→ HOW TO COMPLETE THIS TASK
Copy out exactly the lines from the one with "Motion reel 2018" through the last line of the listing below, both included, but none of the pictures.

→ RAW DATA
▼
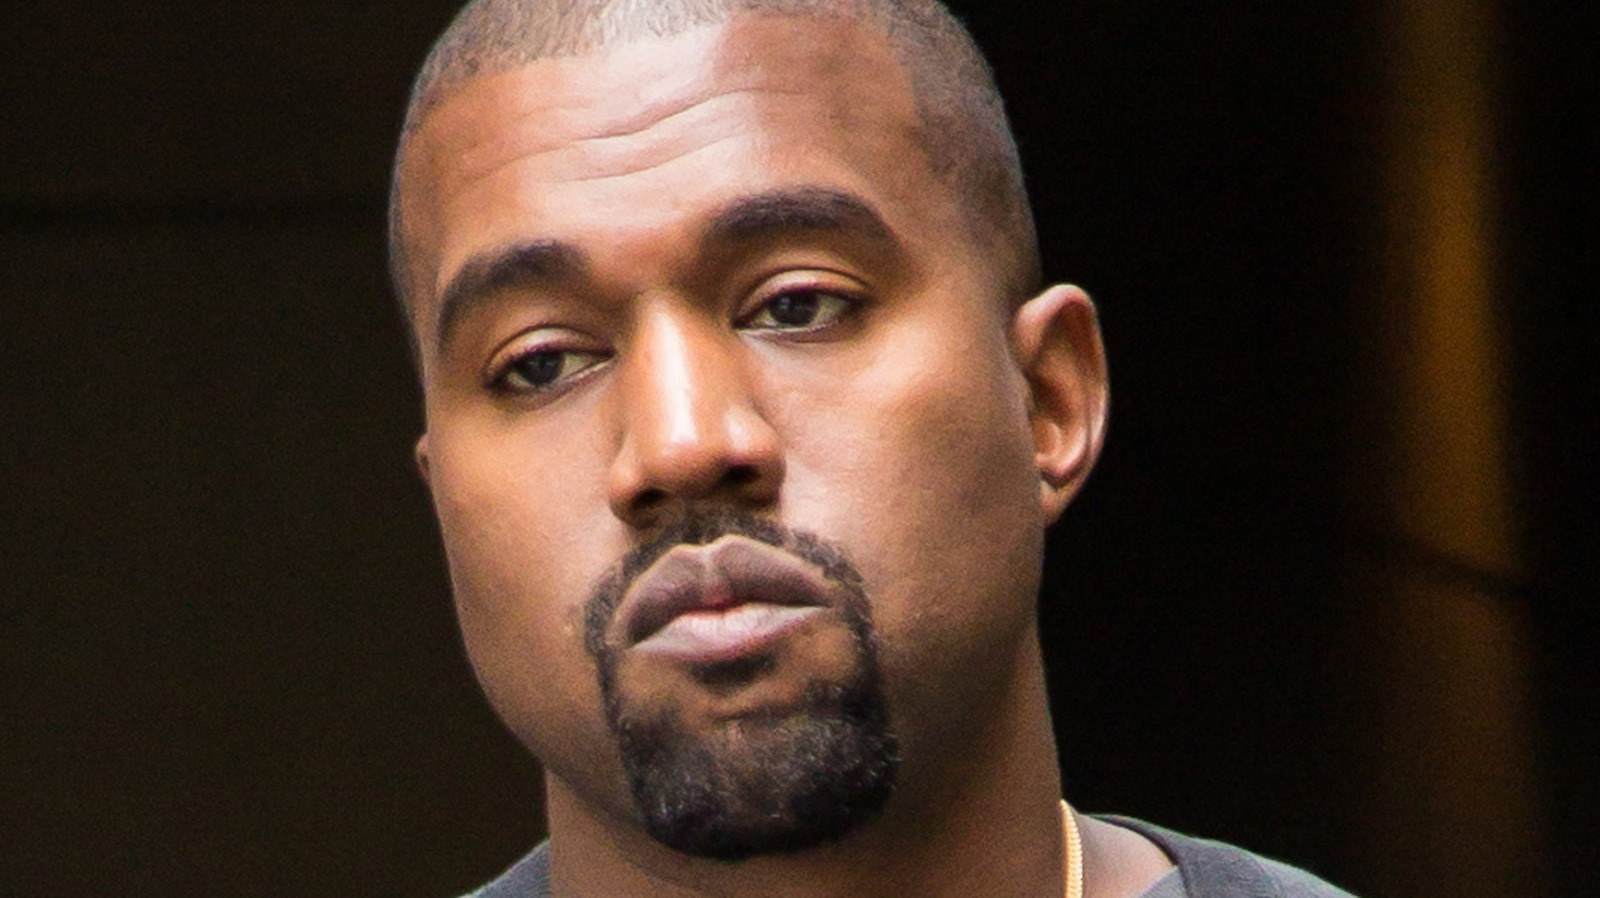 What Kanye West Asked For In Response To Kim Kardashian's Divorce Filing
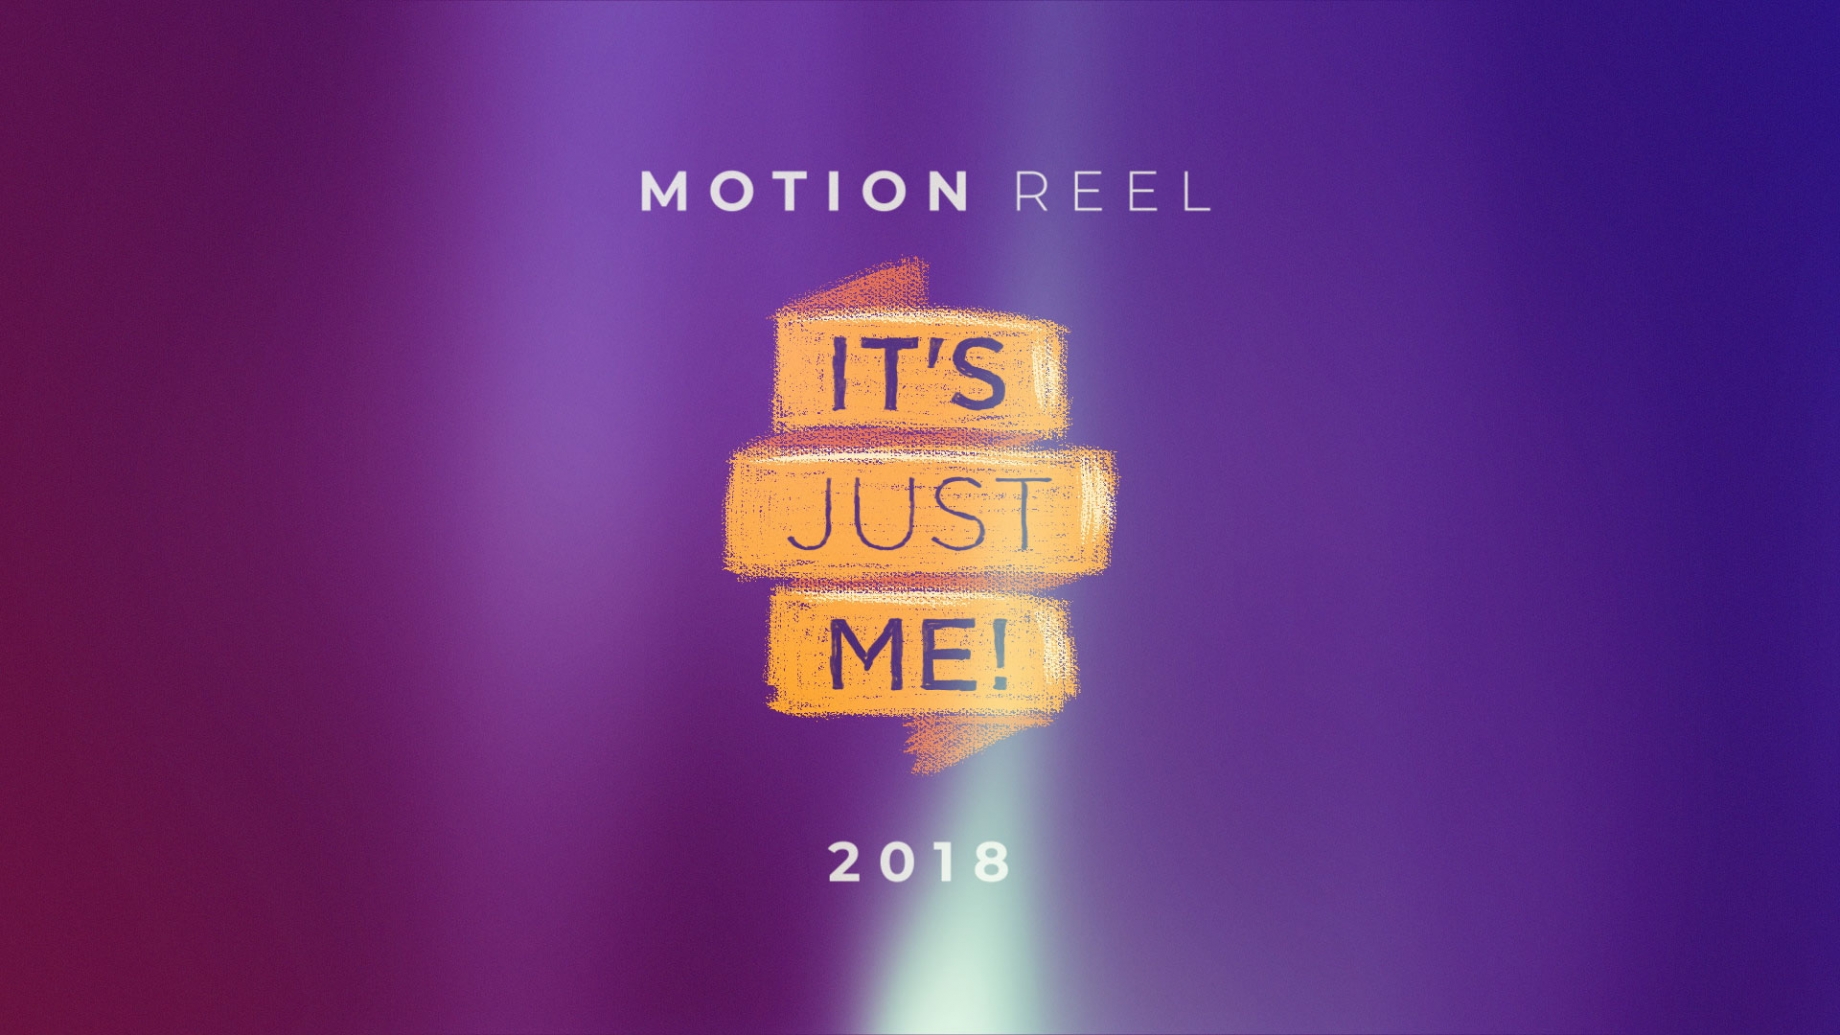 Motion reel 2018
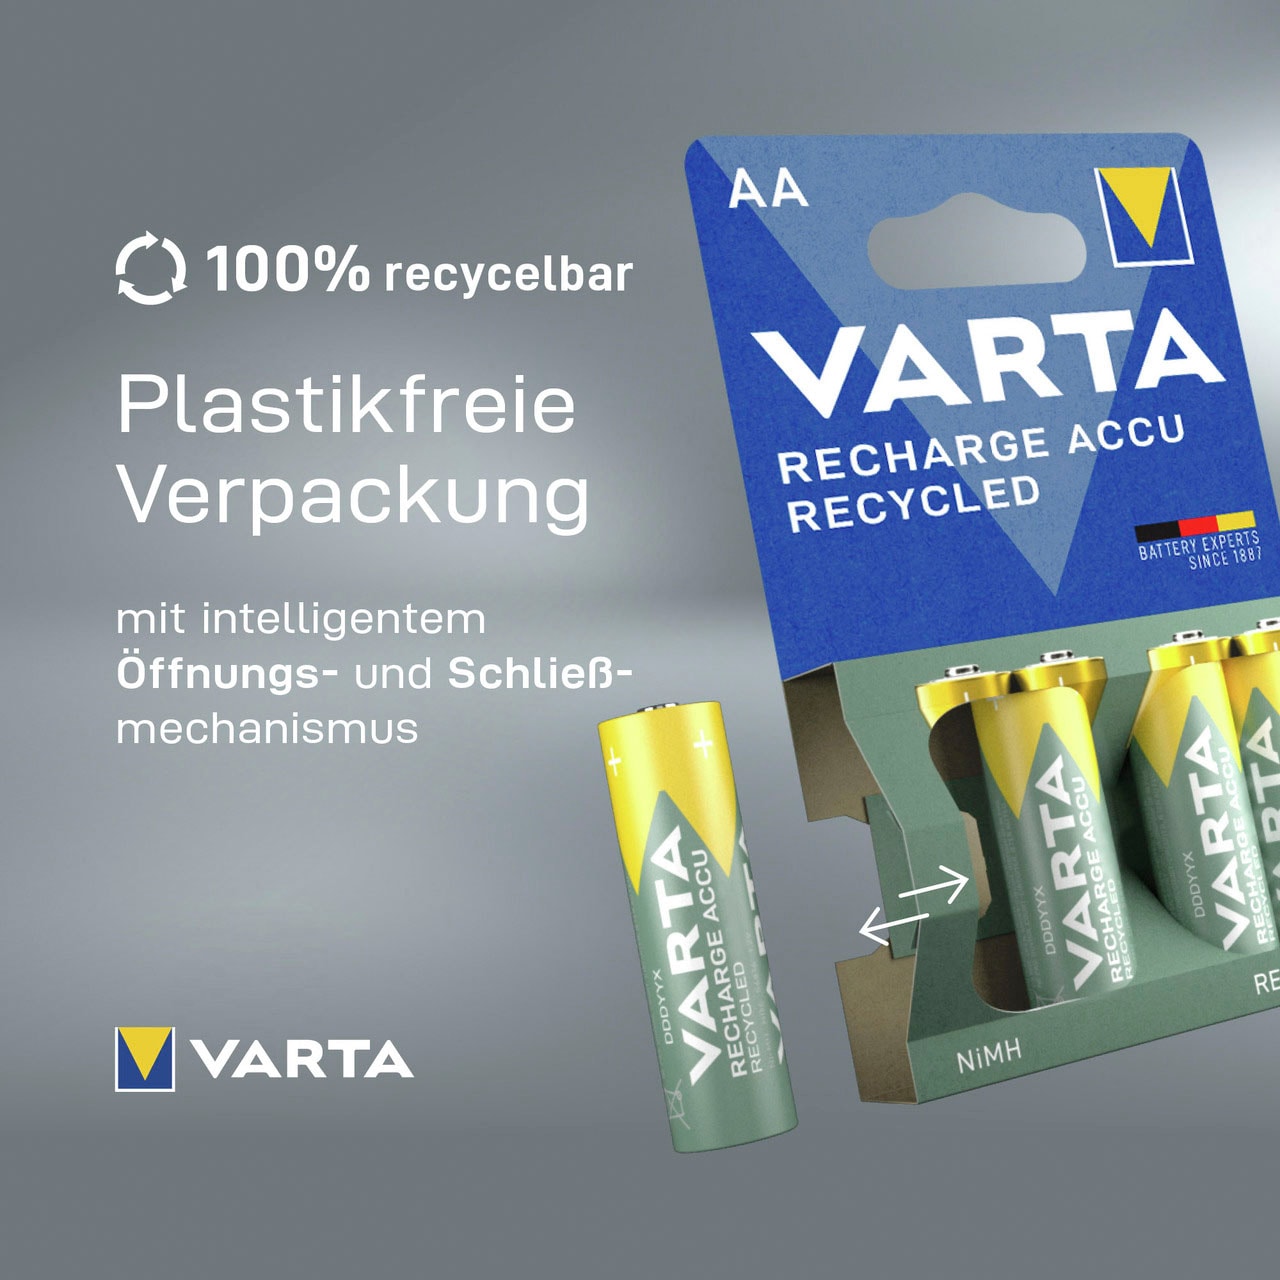 (Packung, wiederaufladbare Akkus«, 1,2 Batterien St.), VARTA VARTA 4 Recharge V, Accu »wiederauflaudbare
▲
→ RESPONSE TO THE EXERCISE
 Motion reel 2018
 (Packung, wiederaufladbare Akkus«, 1,2 Batterien St.), VARTA VARTA 4 Recharge V, Accu »wiederauflaudbare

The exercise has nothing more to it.